Exercise aim :: The part below that opens with the line containing "Daily transport service" and closes with the line containing "Estrellas De La" should be copied exactly, minus any pictures.

Supplied entries ::
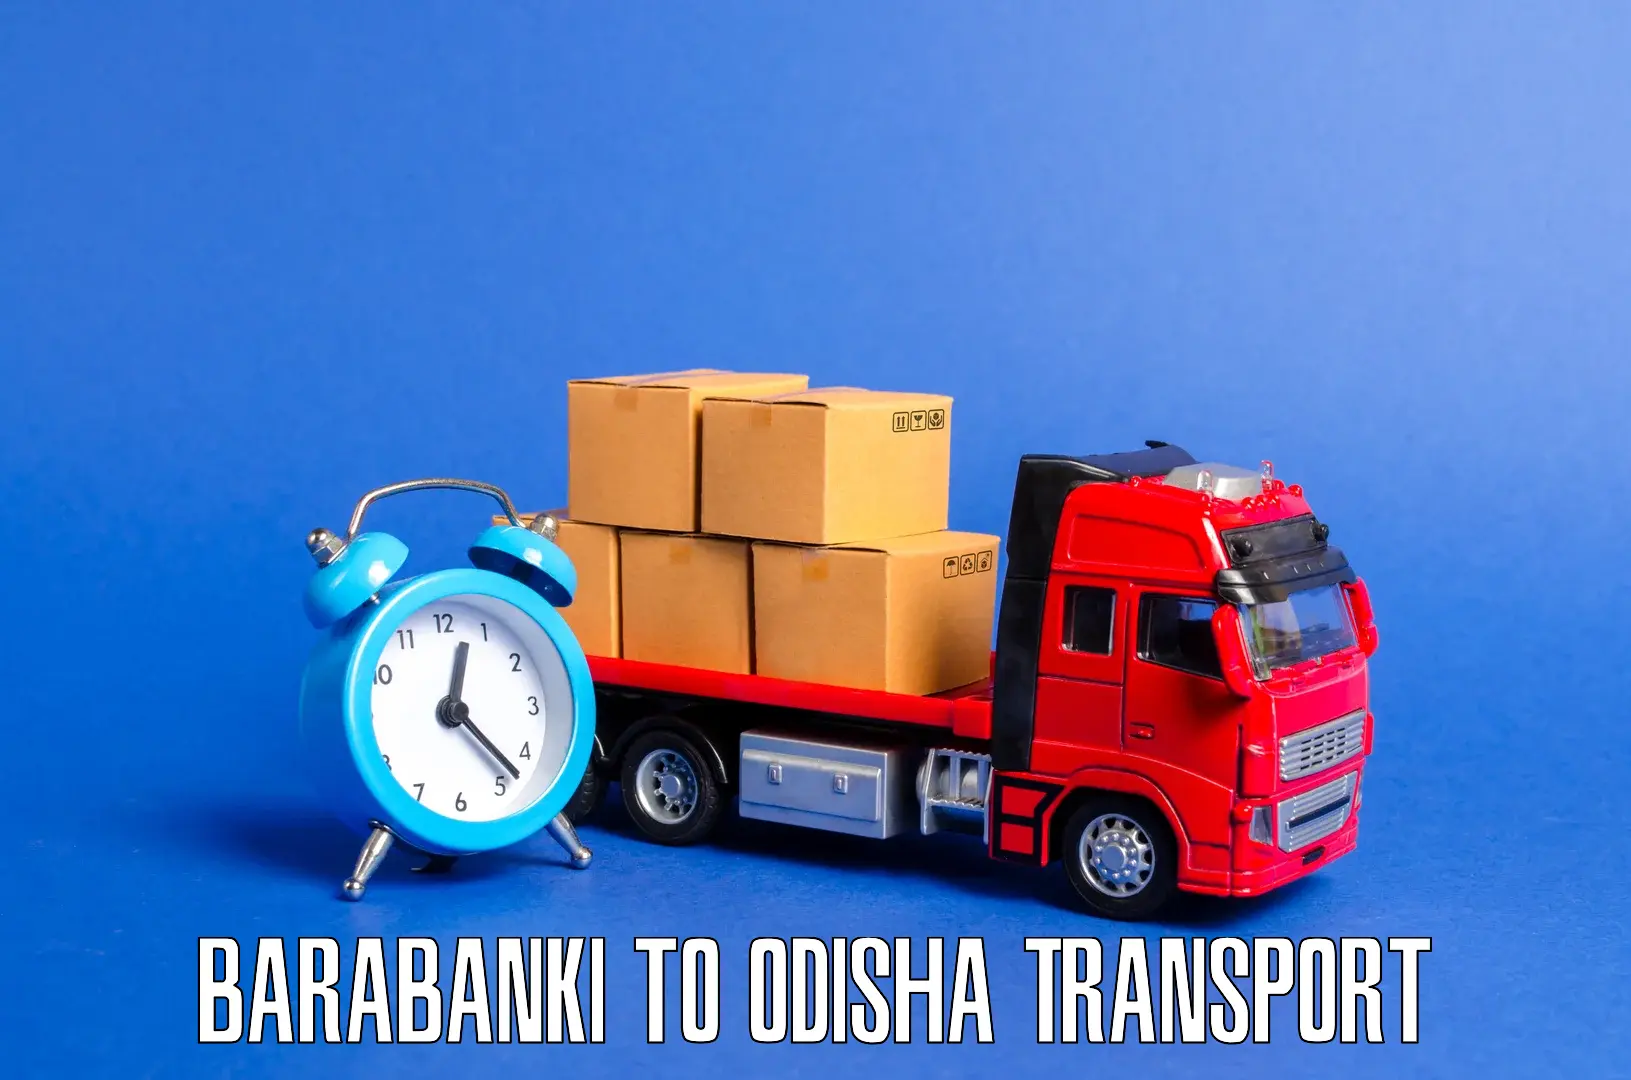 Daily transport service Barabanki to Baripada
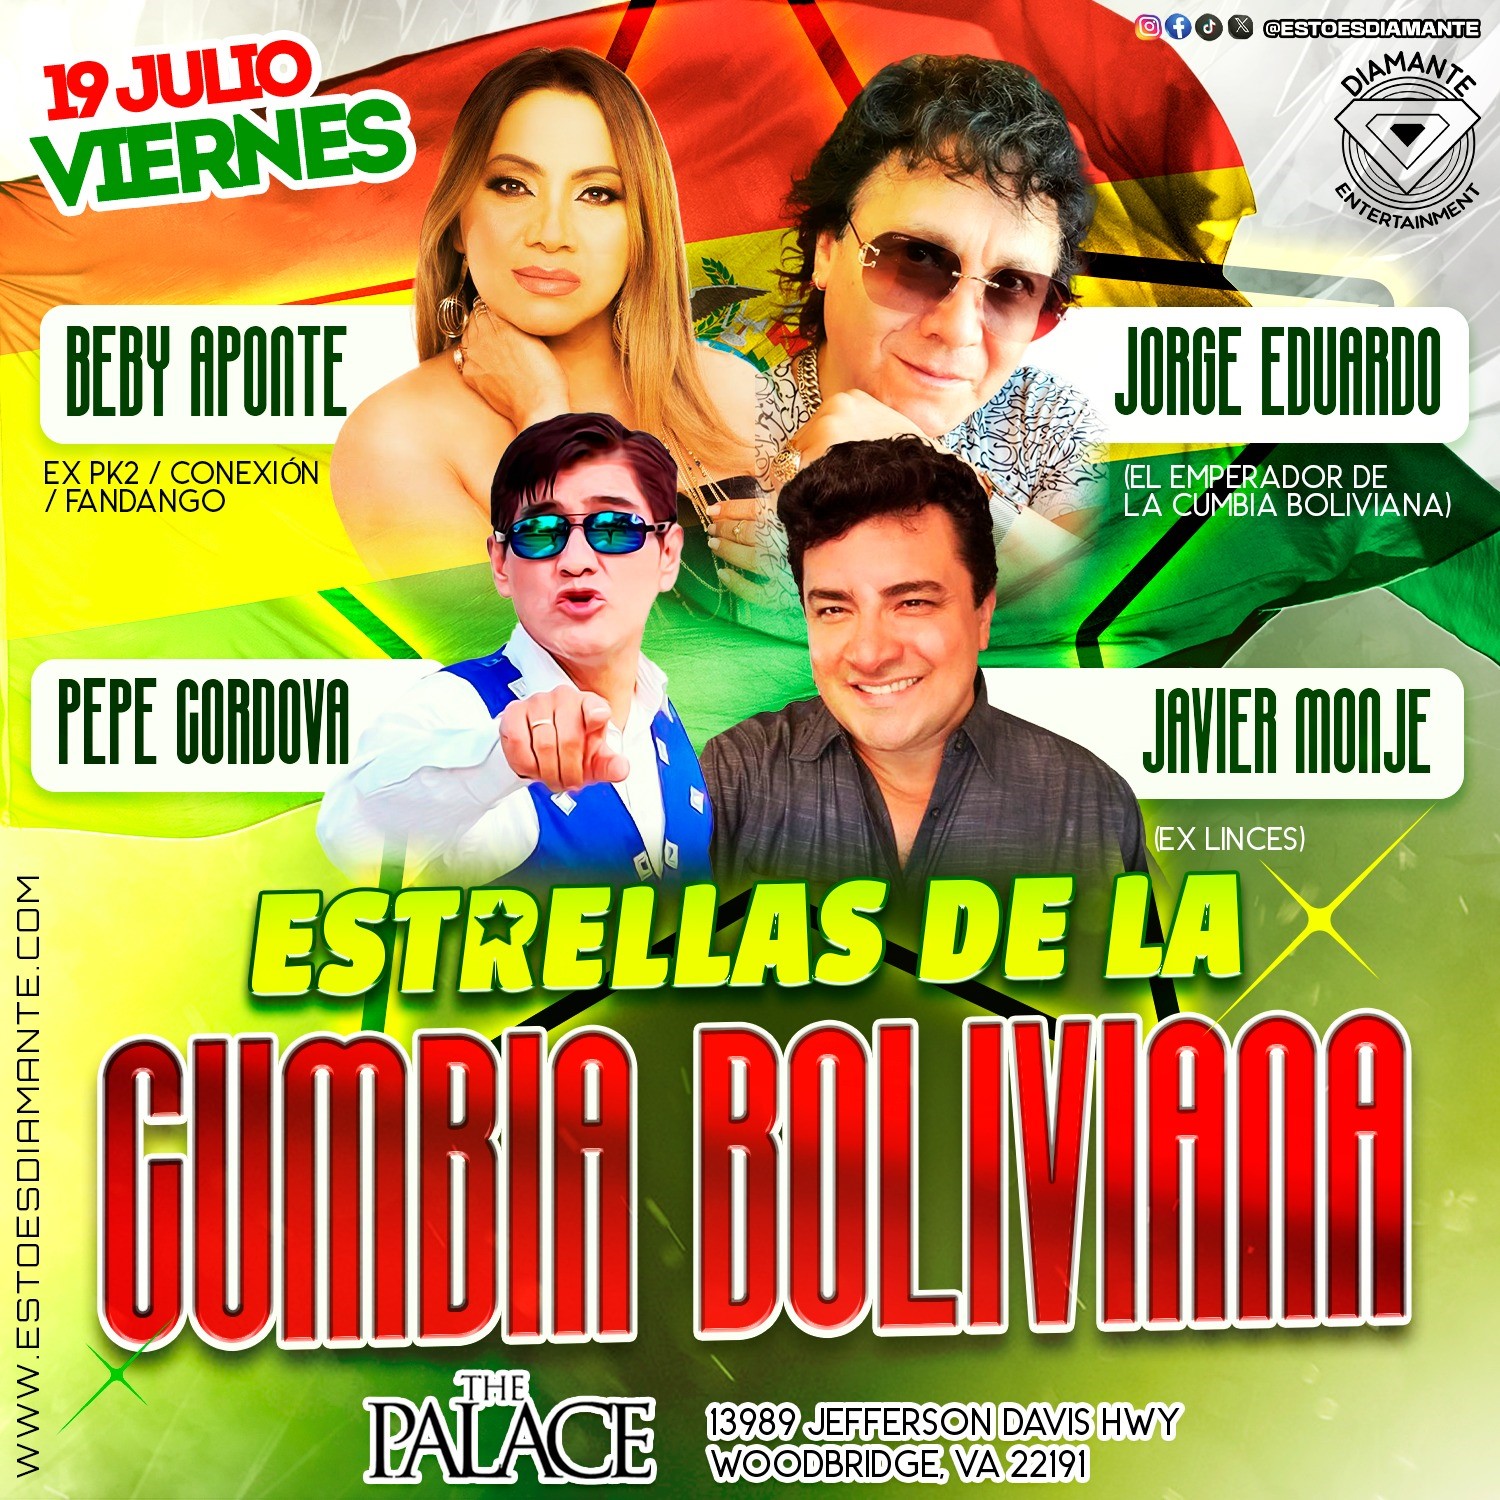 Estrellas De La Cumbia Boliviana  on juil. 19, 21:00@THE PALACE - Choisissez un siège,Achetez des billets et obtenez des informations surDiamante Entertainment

--

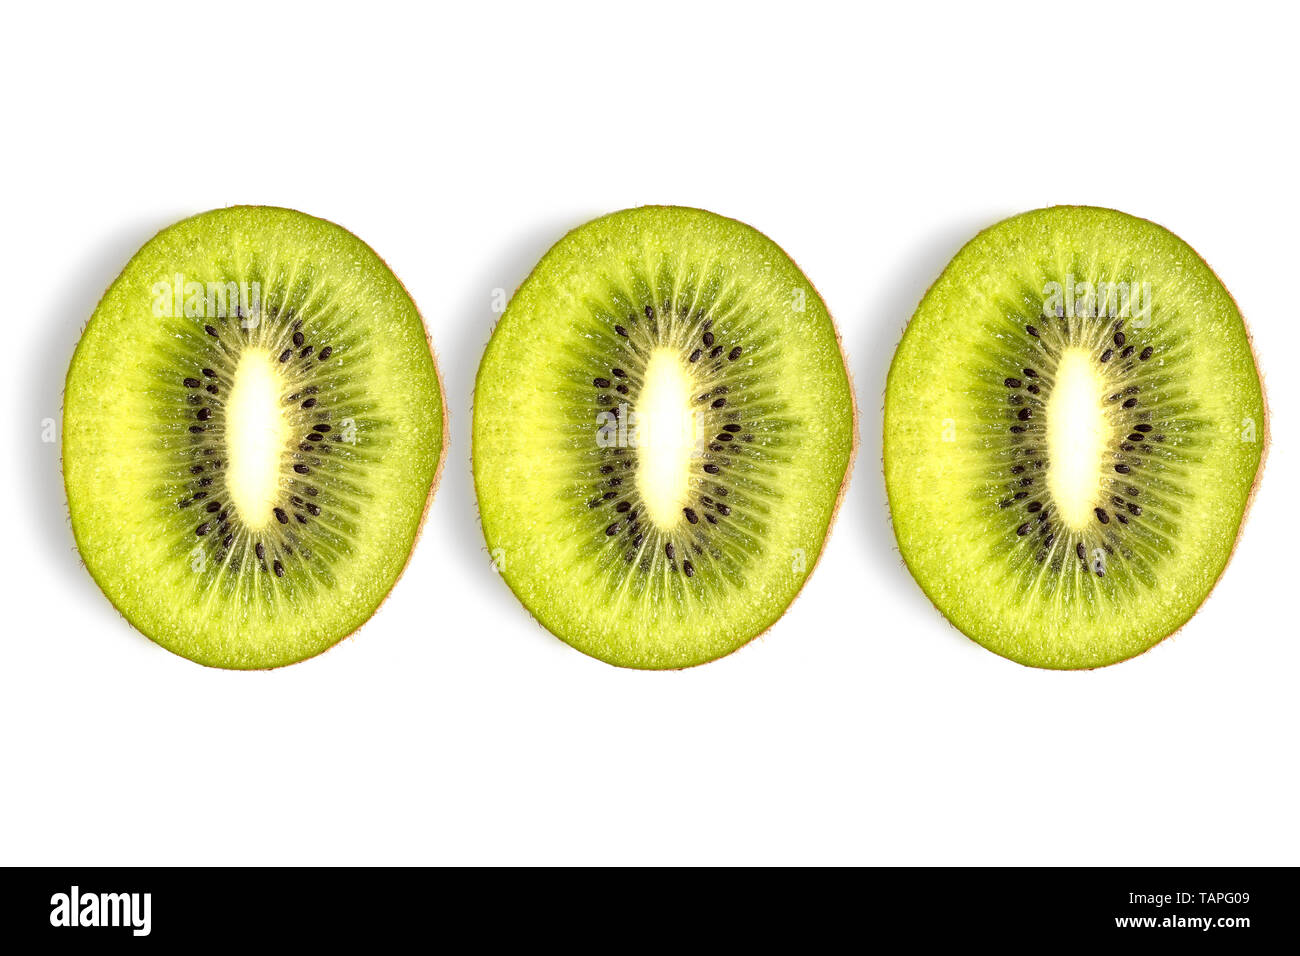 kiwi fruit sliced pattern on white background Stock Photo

Output below ::
 Daily transport service Barabanki to Baripada
 Estrellas De La Cumbia Boliviana  on juil. 19, 21:00@THE PALACE - Choisissez un siège,Achetez des billets et obtenez des informations surDiamante Entertainment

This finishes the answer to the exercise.